Instructions for the task: The answer should consist of the full listing below, repeated exactly and free of pictures.
[Opening Raw data section]
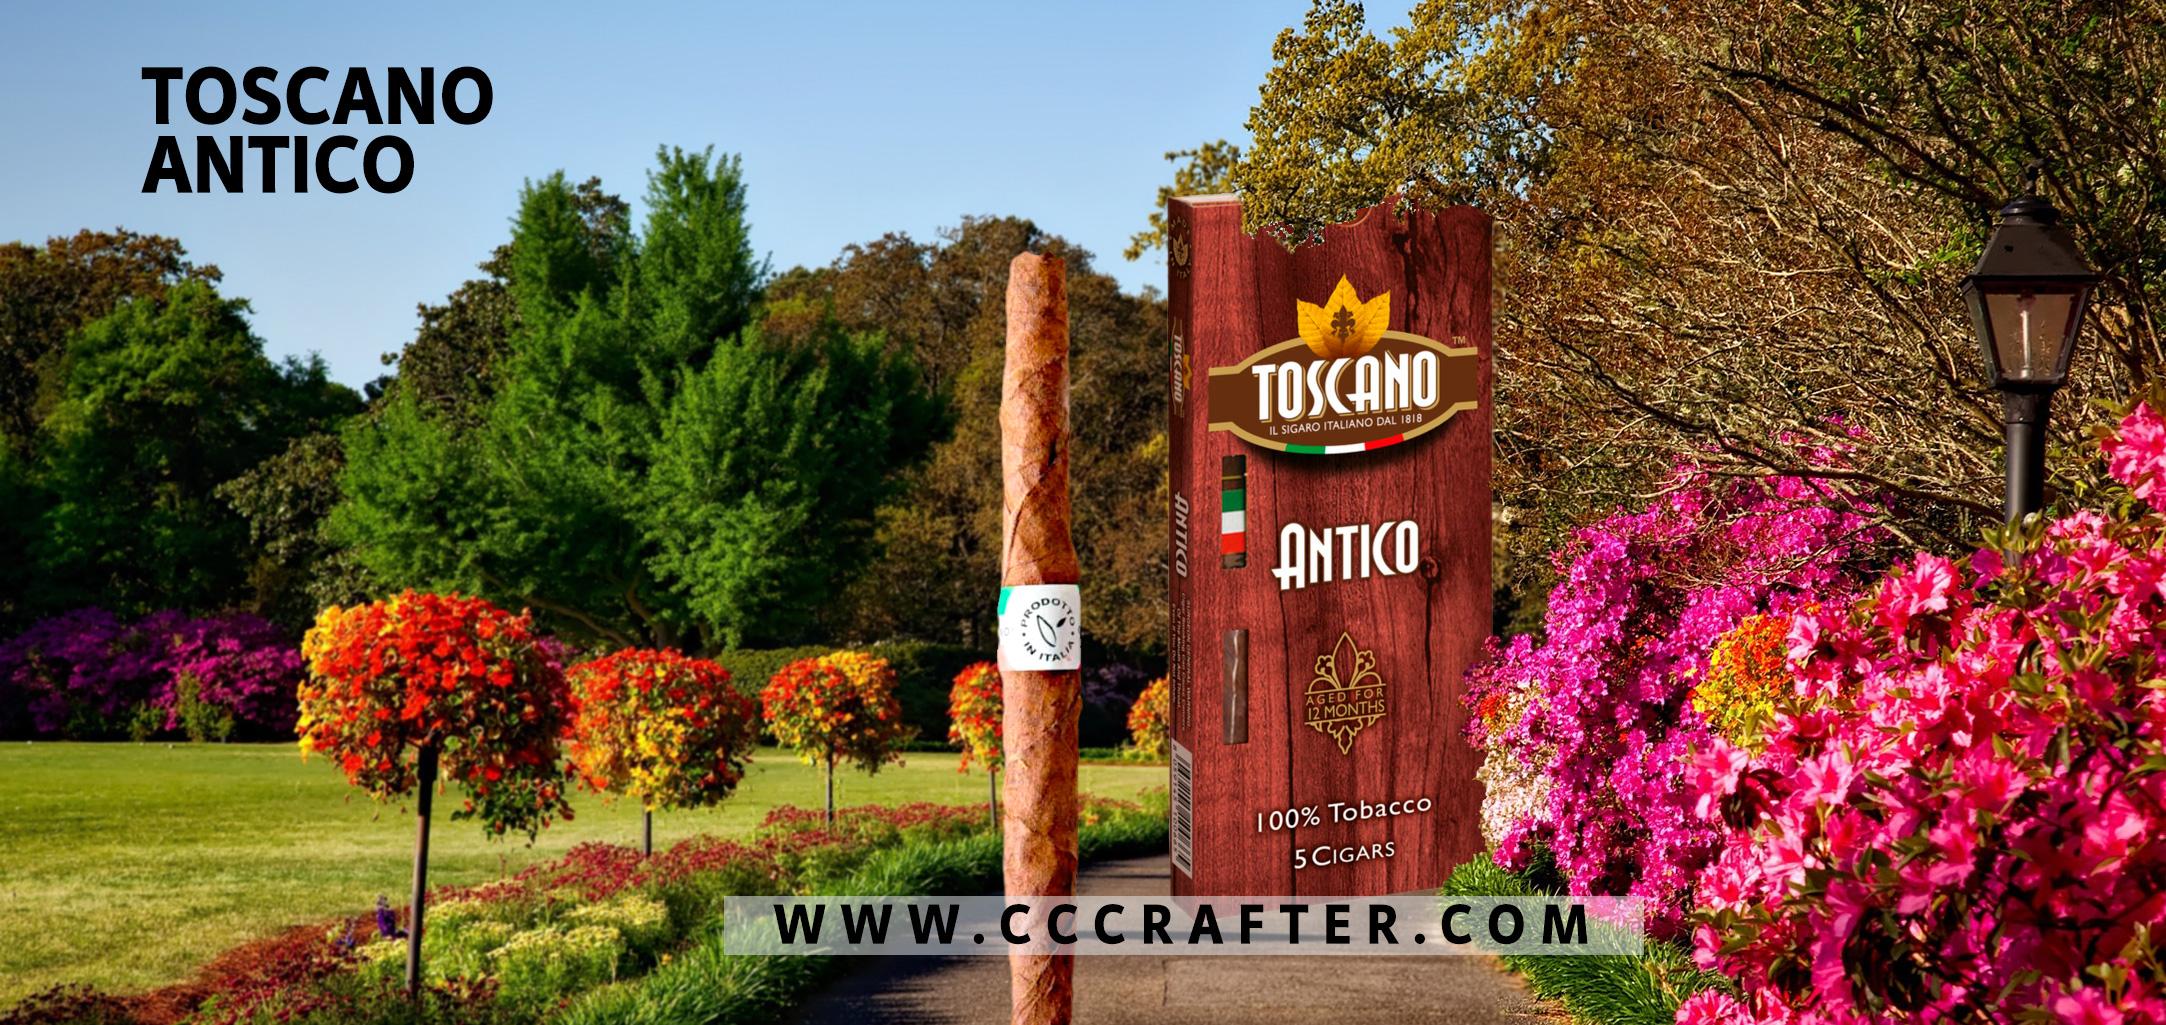 toscano-antico-banner.jpg
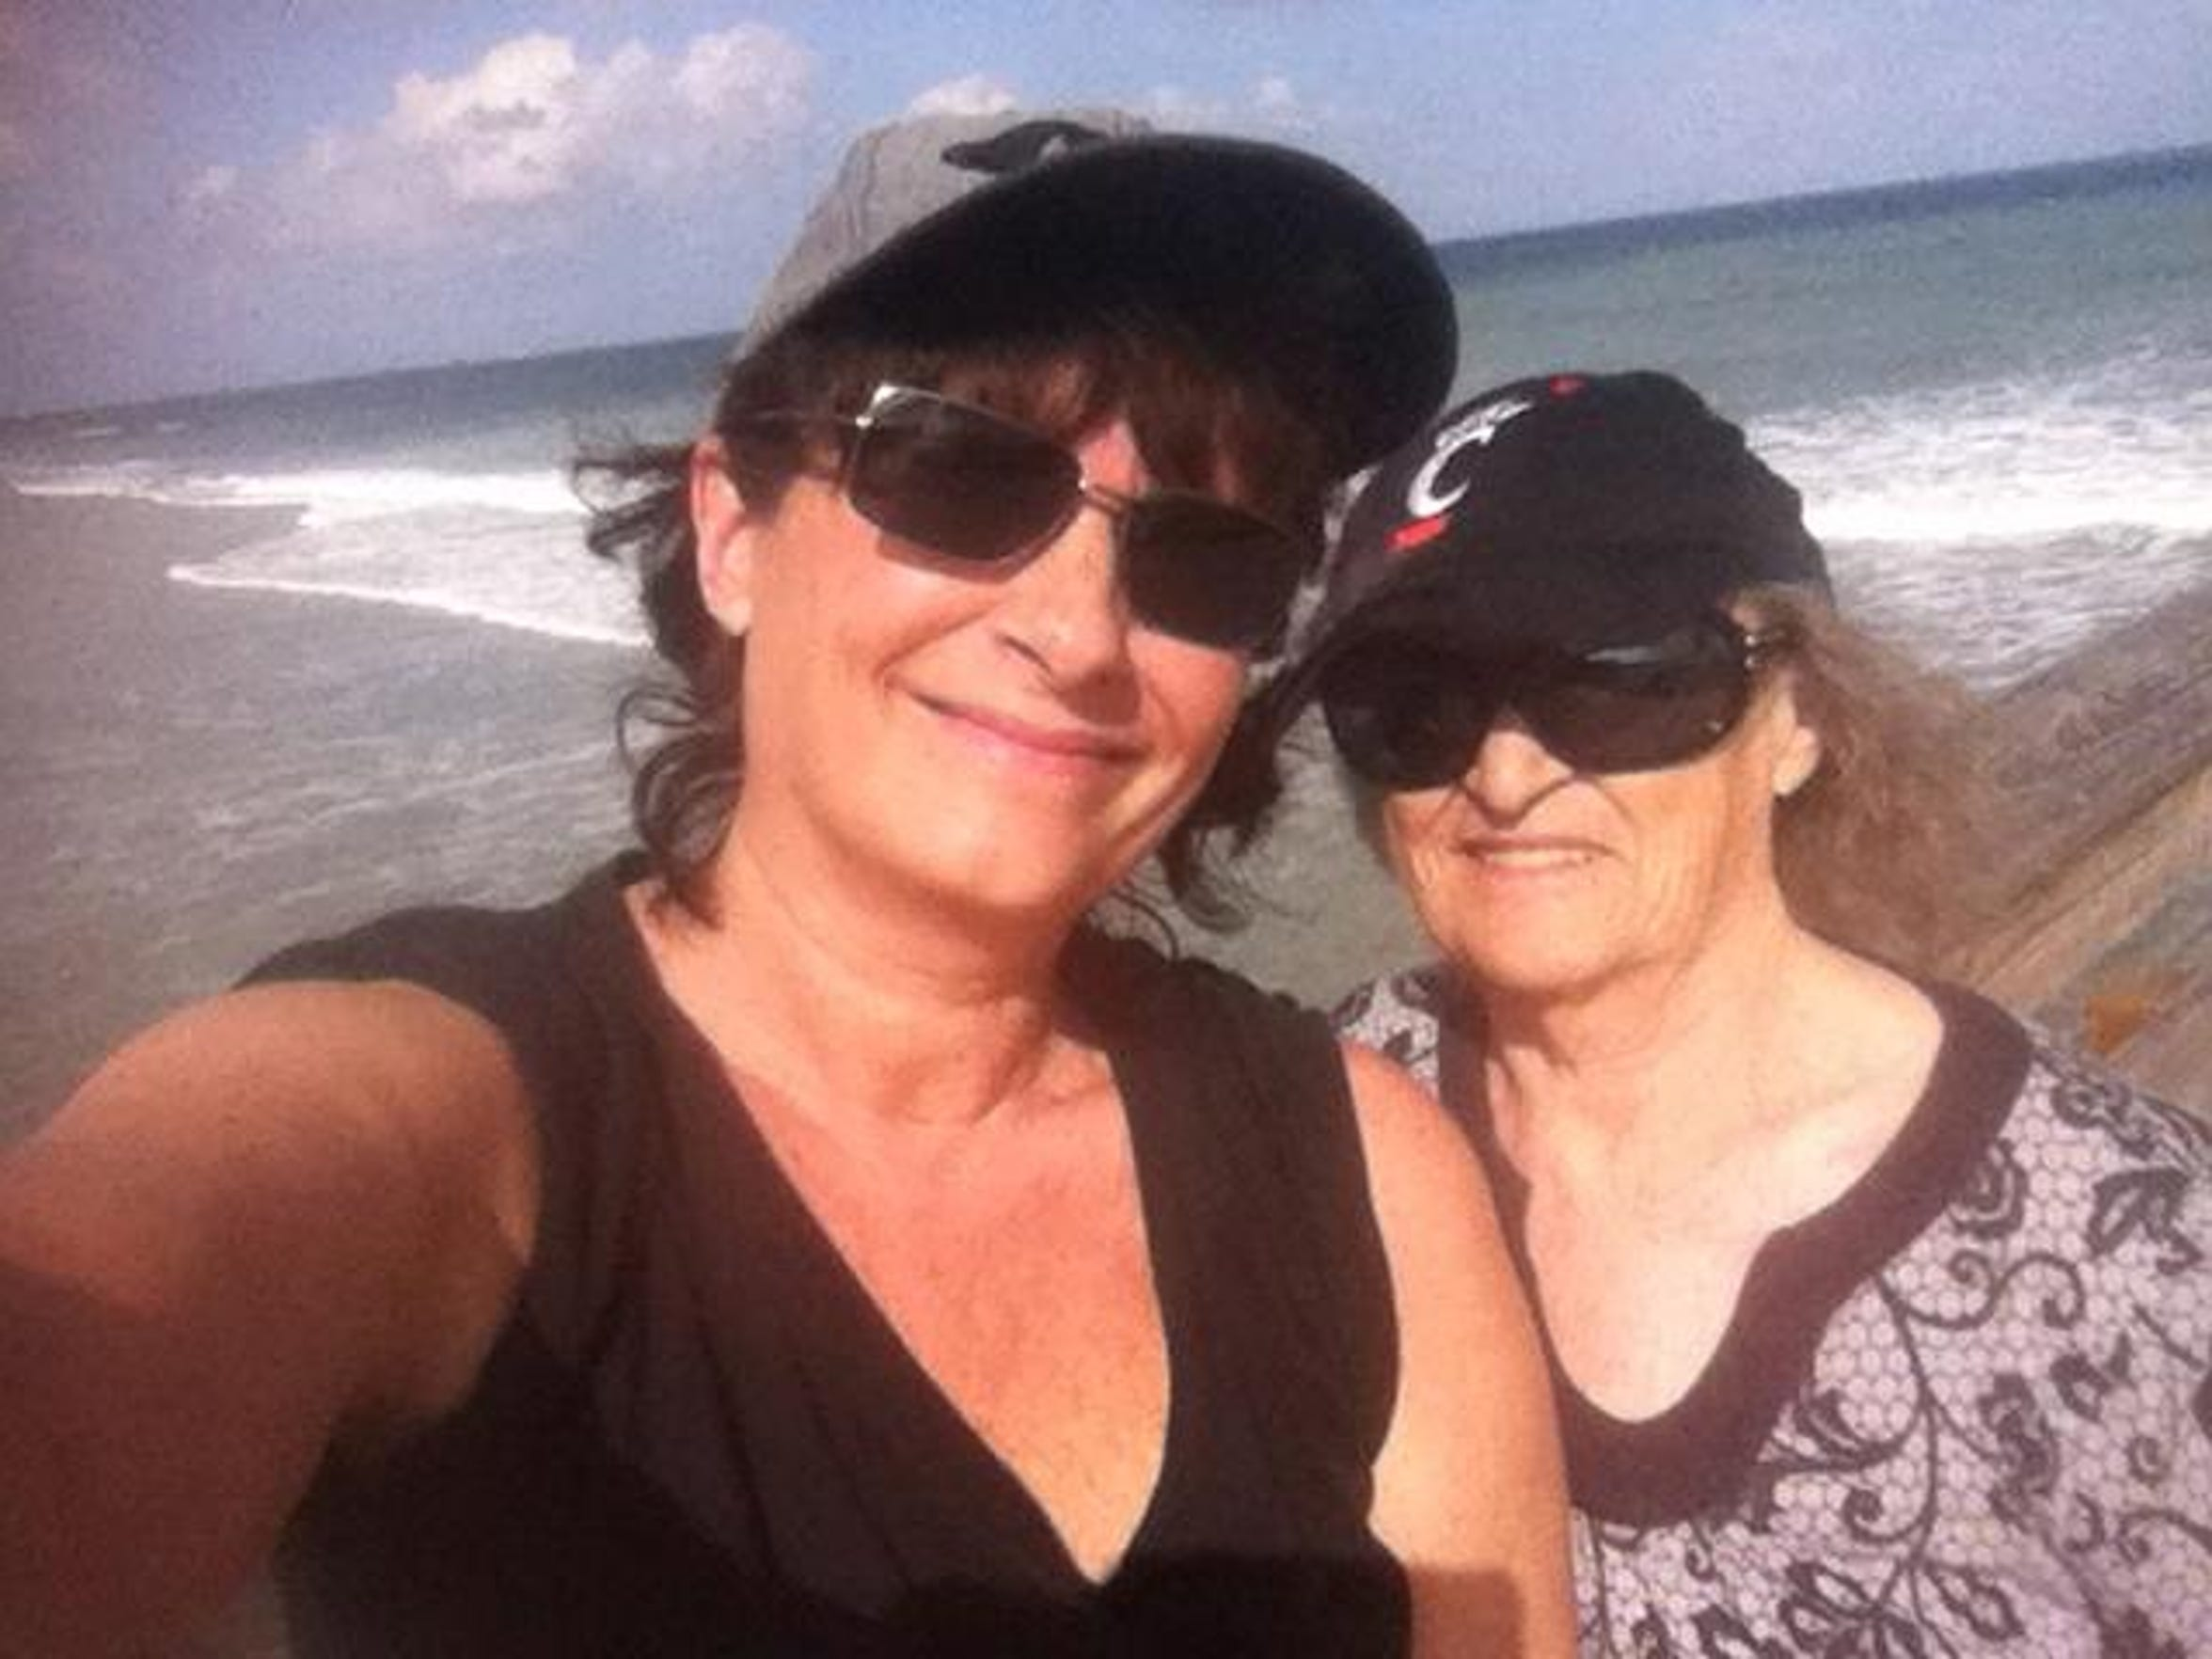 Britt Kennerly and her mother, Helen, take a selfie
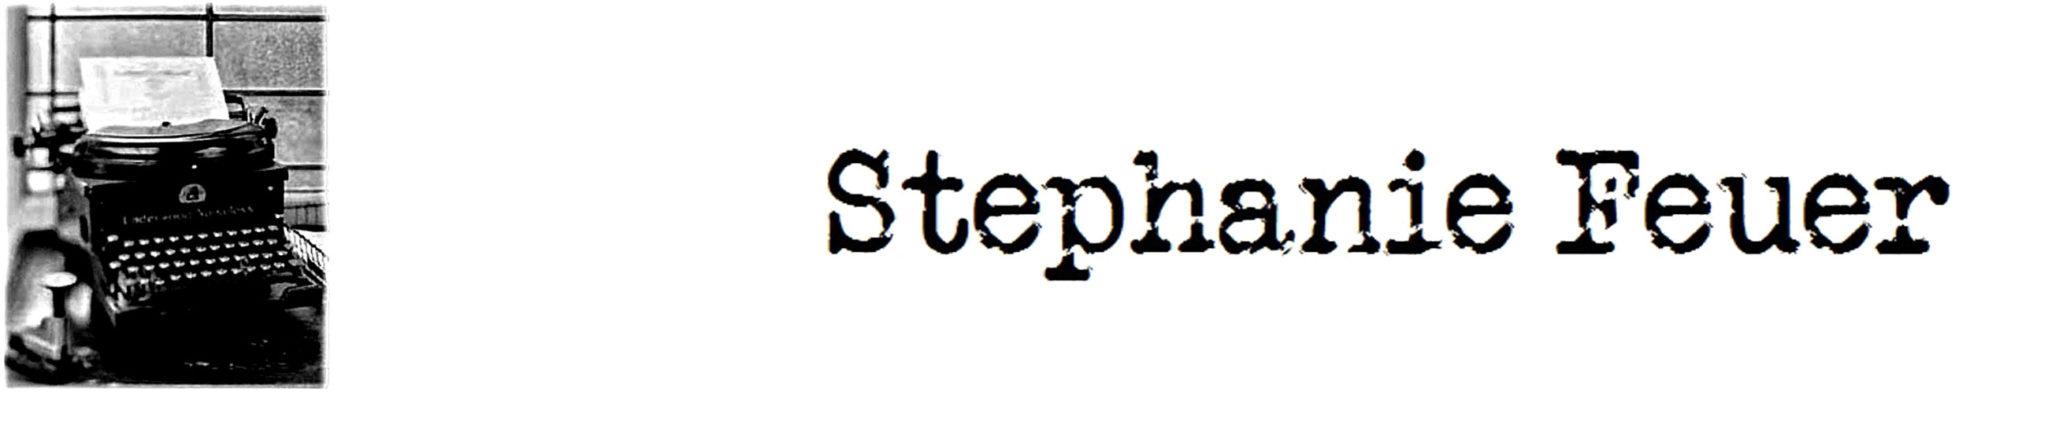 Stephanie Feuer
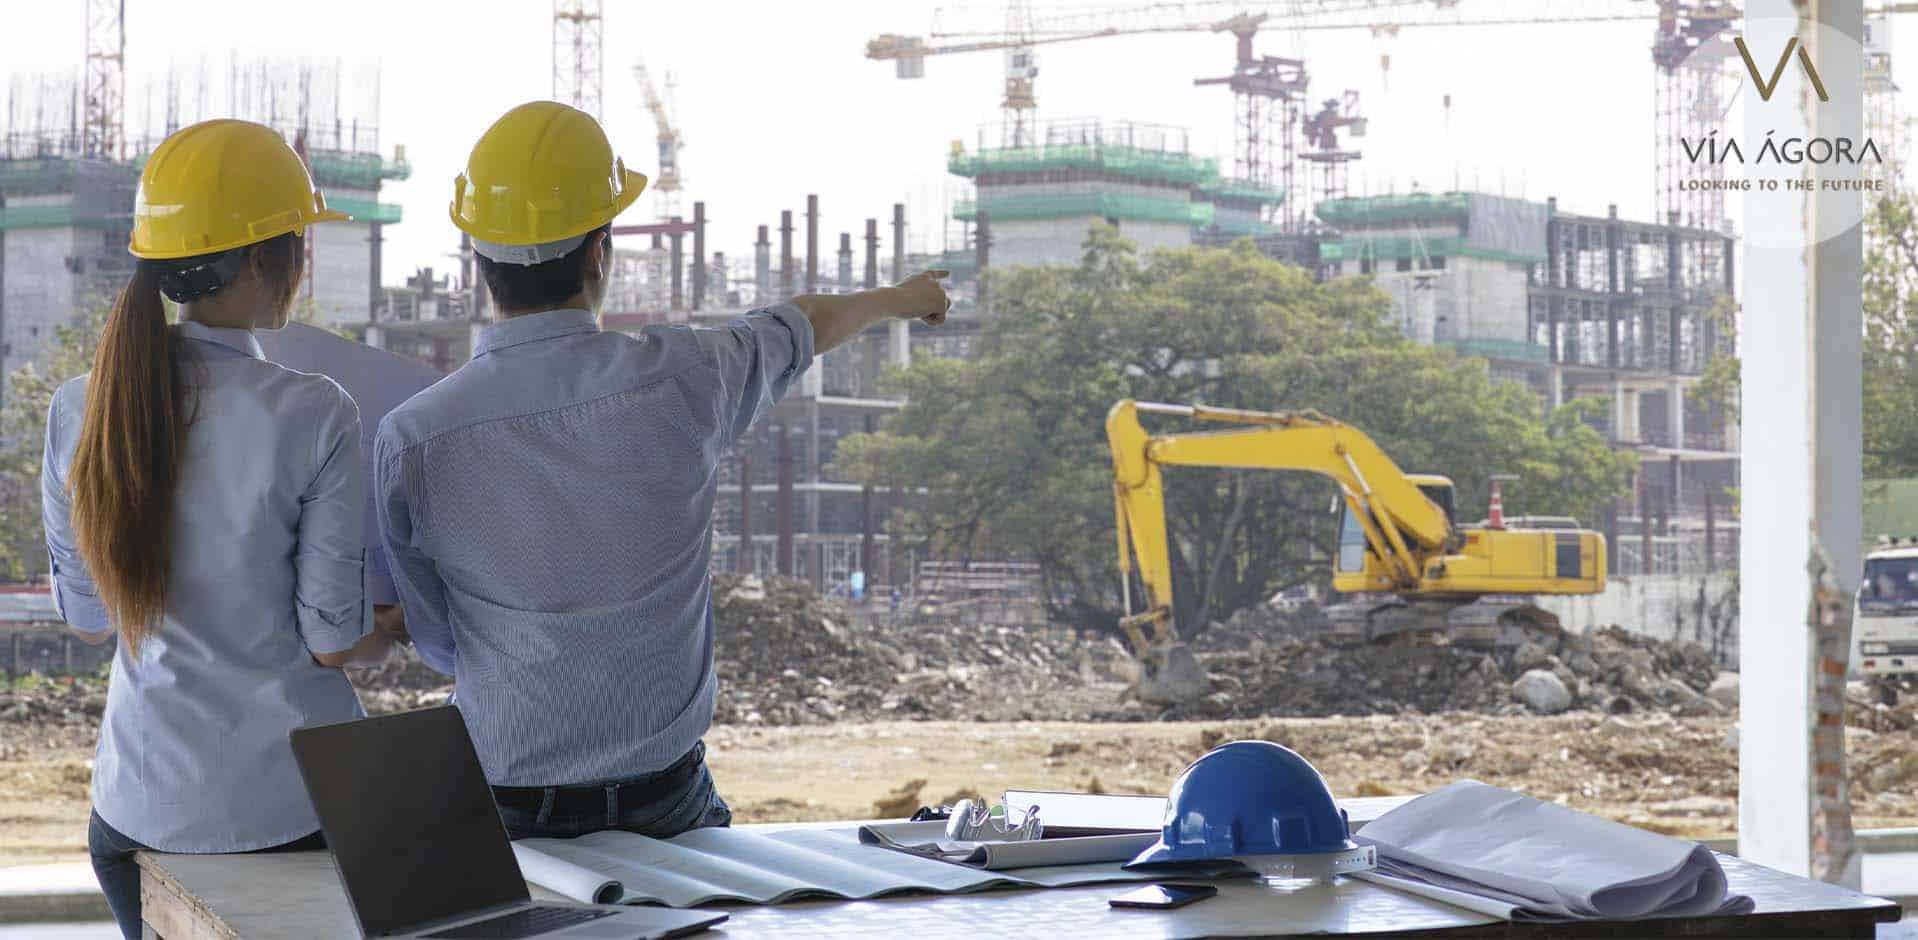 via agora - promotora inmobiliaria - cascos de construcción - 3
[Closing Raw data section]
Answer for the task:
 toscano-antico-banner.jpg
 Britt Kennerly and her mother, Helen, take a selfie
 Stephanie Feuer
 via agora - promotora inmobiliaria - cascos de construcción - 3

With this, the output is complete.